*MATERIAL FOR THIS TASK*:
Start of Block

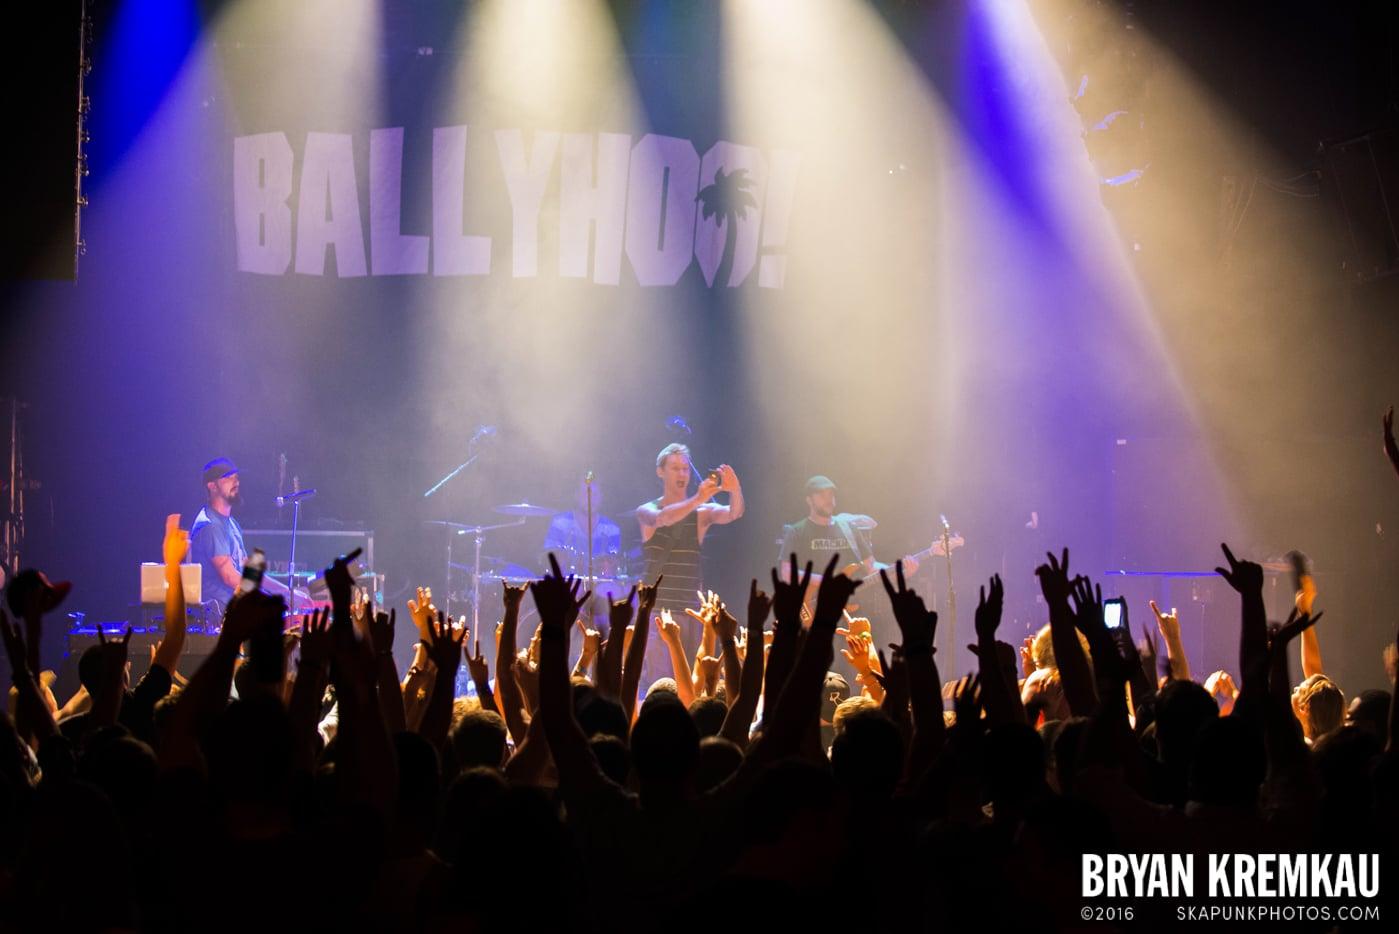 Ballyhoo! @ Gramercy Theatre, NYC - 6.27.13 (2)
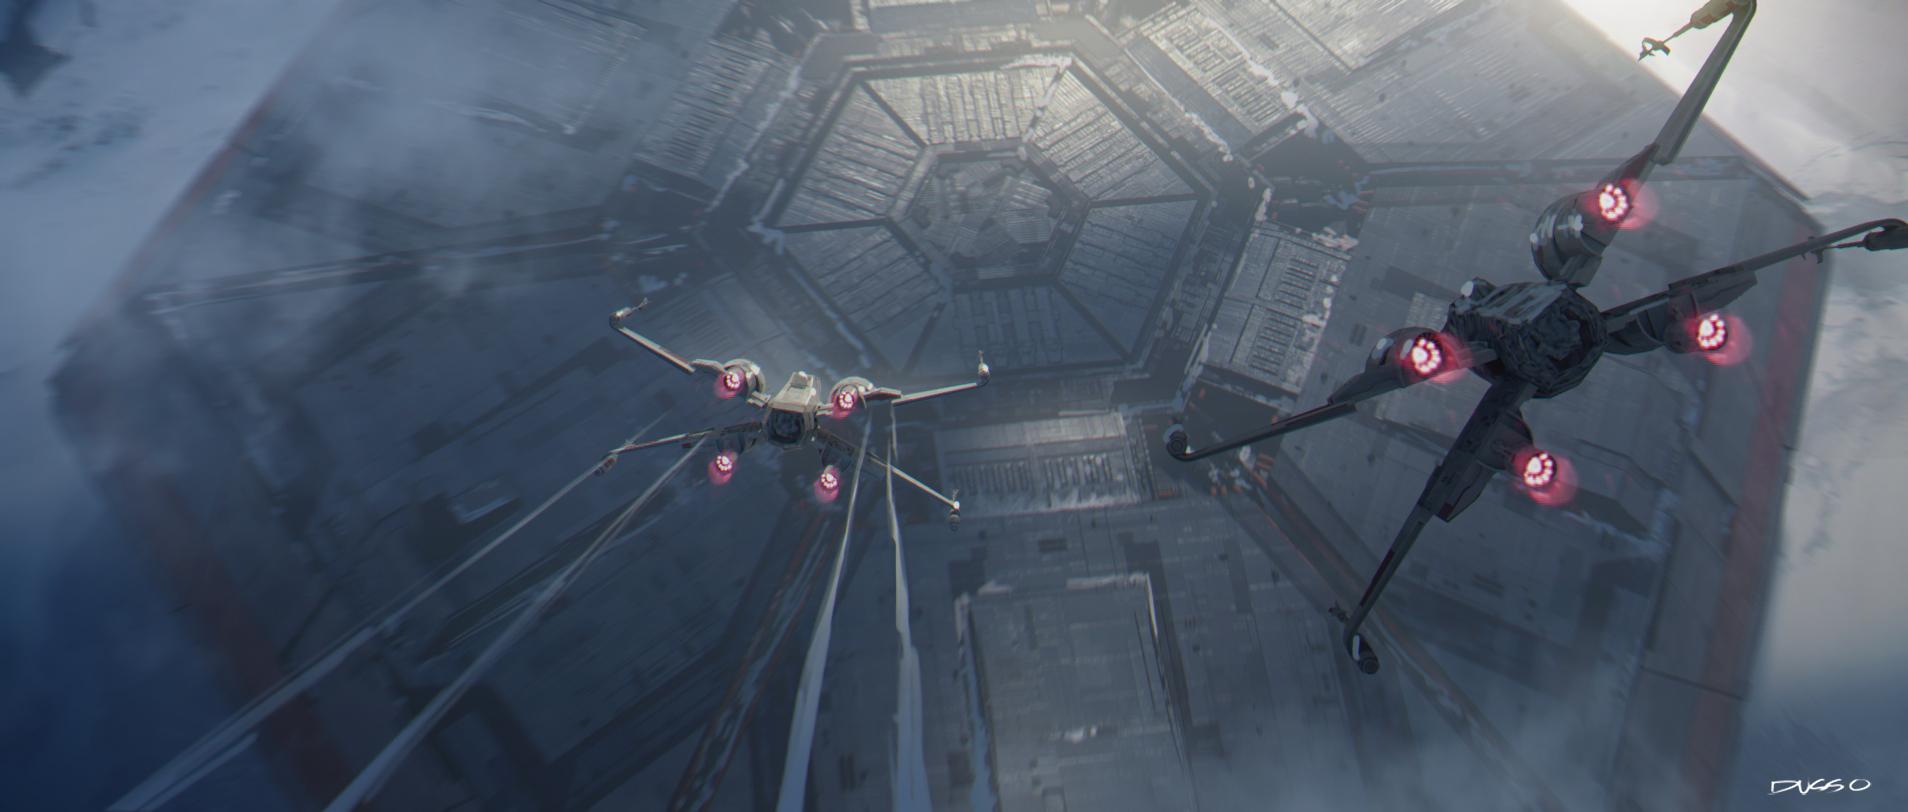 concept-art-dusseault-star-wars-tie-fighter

End of Block
Start of Block

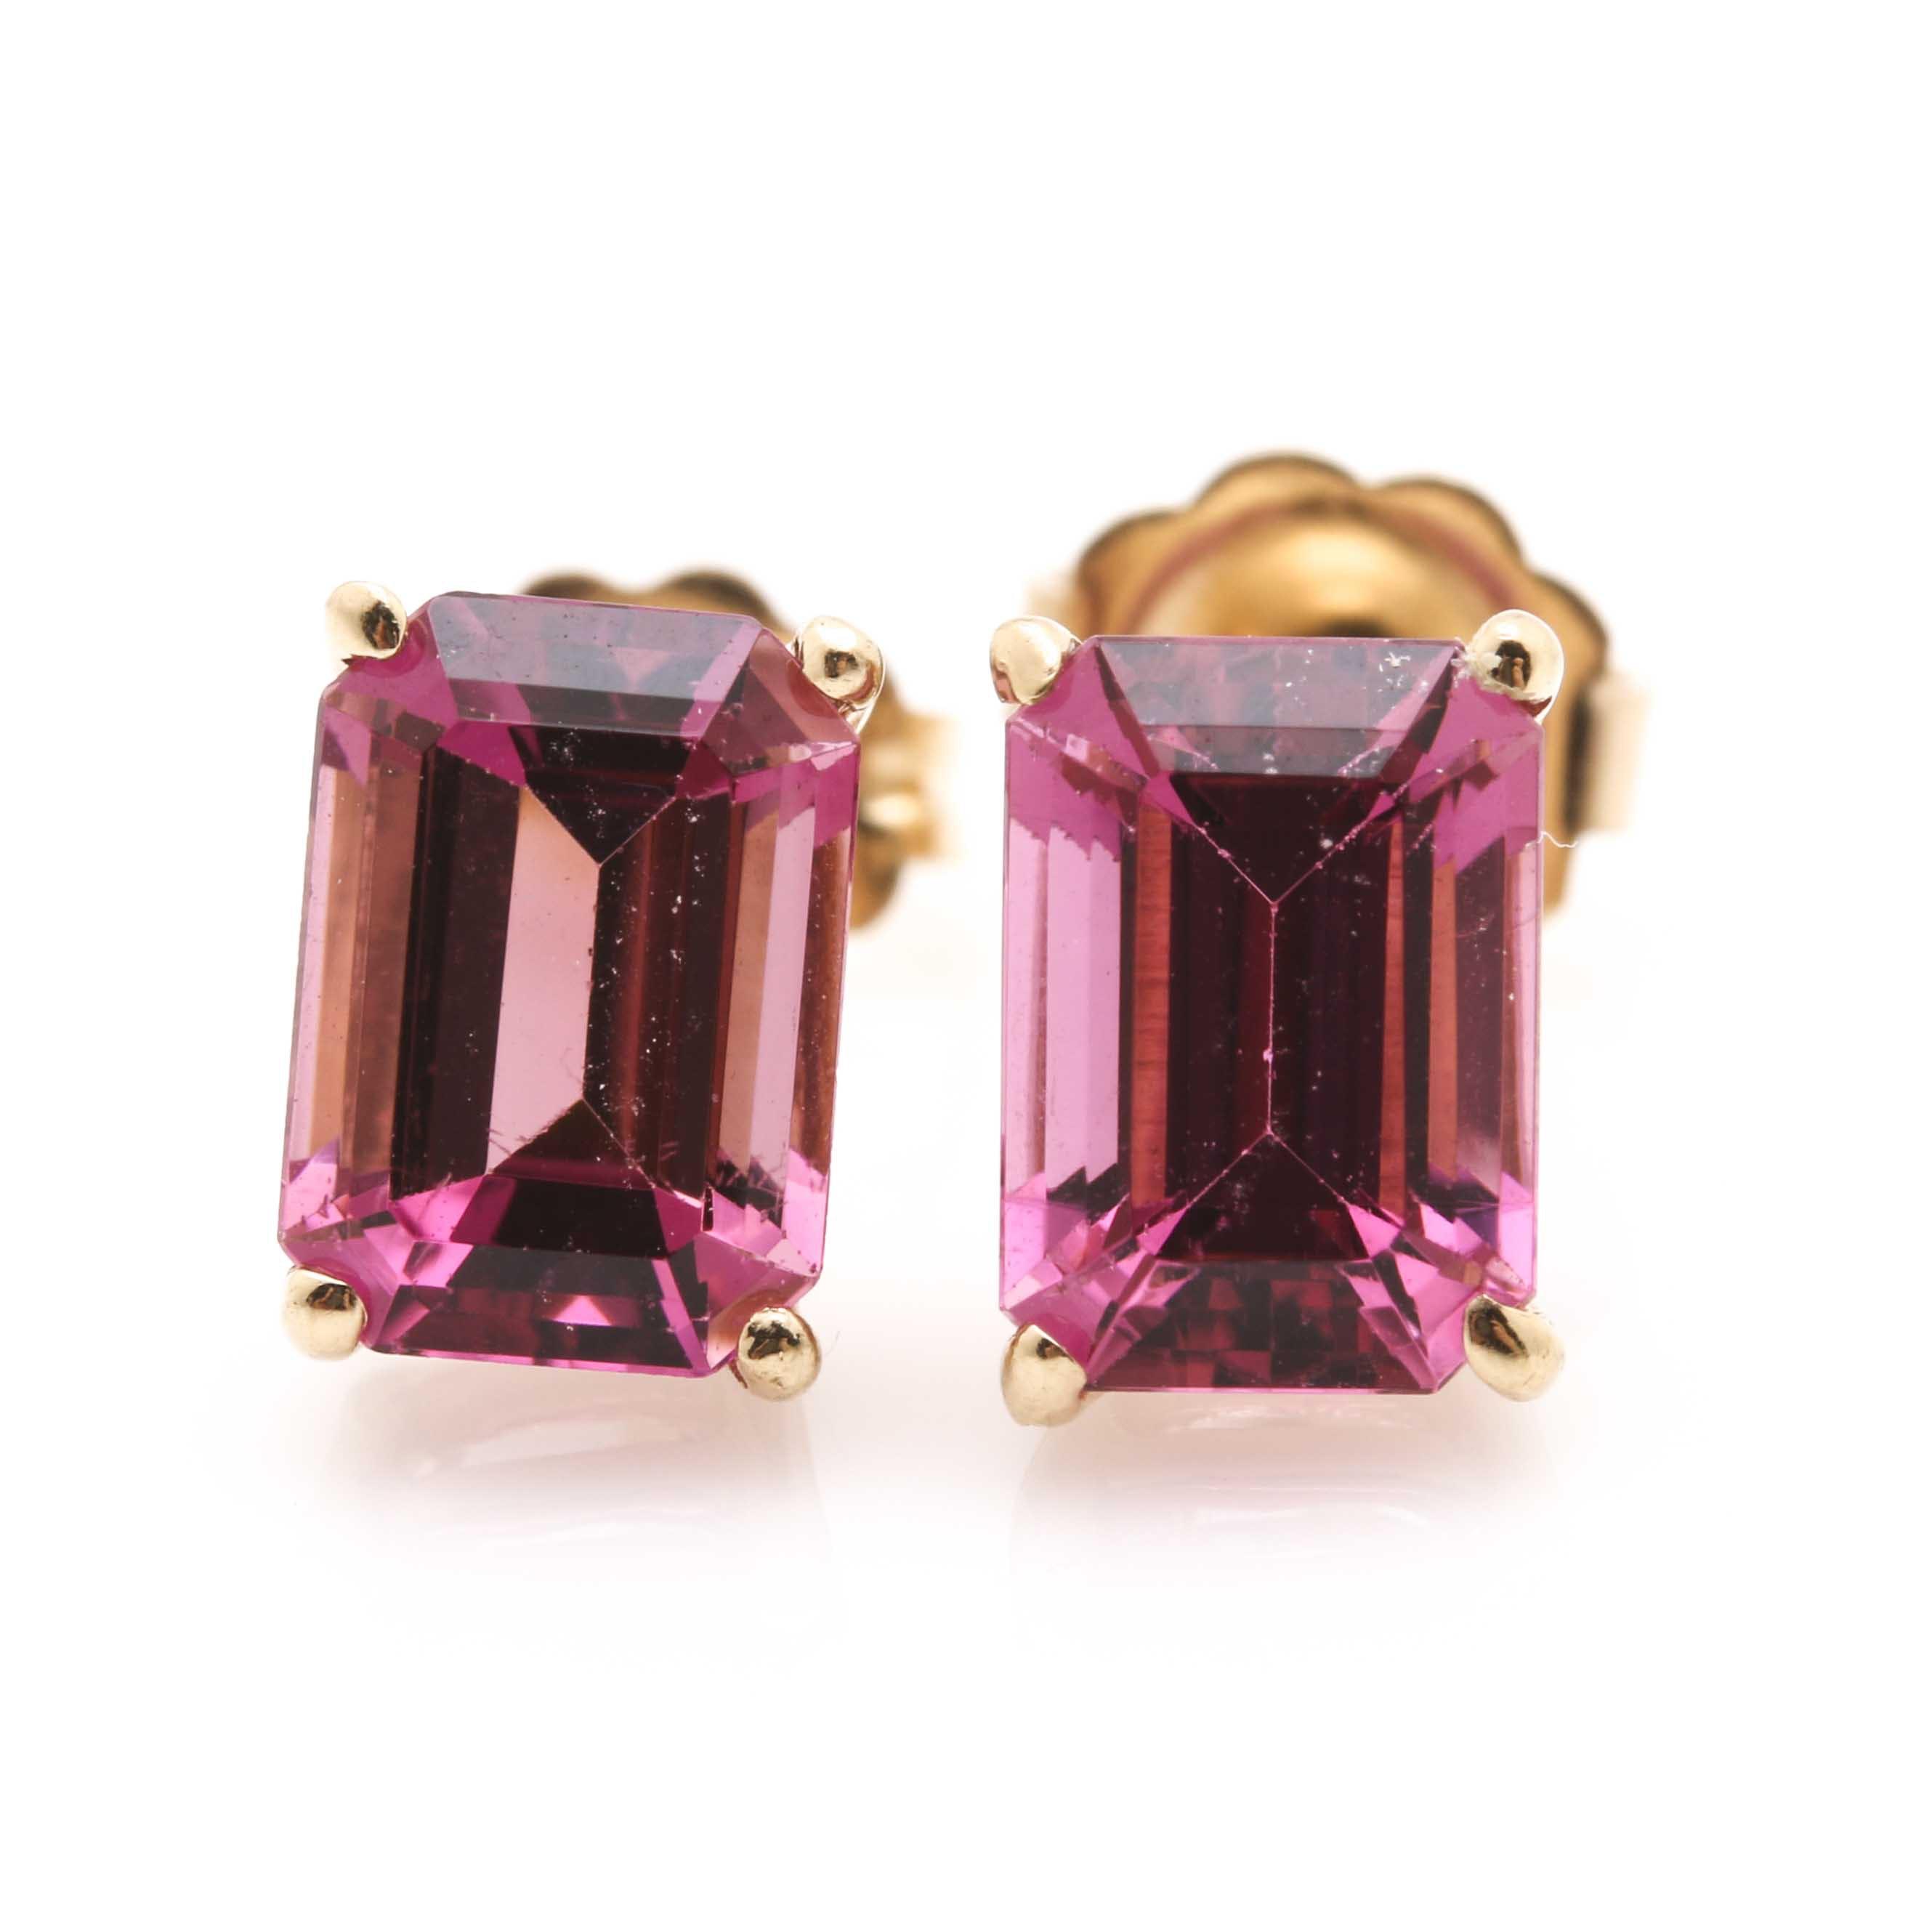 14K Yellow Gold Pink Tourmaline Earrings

End of Block

*WORK ITEM*: Give back, exactly and without pictures, the stretch of the records above from the line containing "Ballyhoo! @ Gramercy" through the line containing "concept-art-dusseault-star-wars-tie-fighter", with both end lines included.

*ANSWER TO THIS PROBLEM*:
 Ballyhoo! @ Gramercy Theatre, NYC - 6.27.13 (2)
 concept-art-dusseault-star-wars-tie-fighter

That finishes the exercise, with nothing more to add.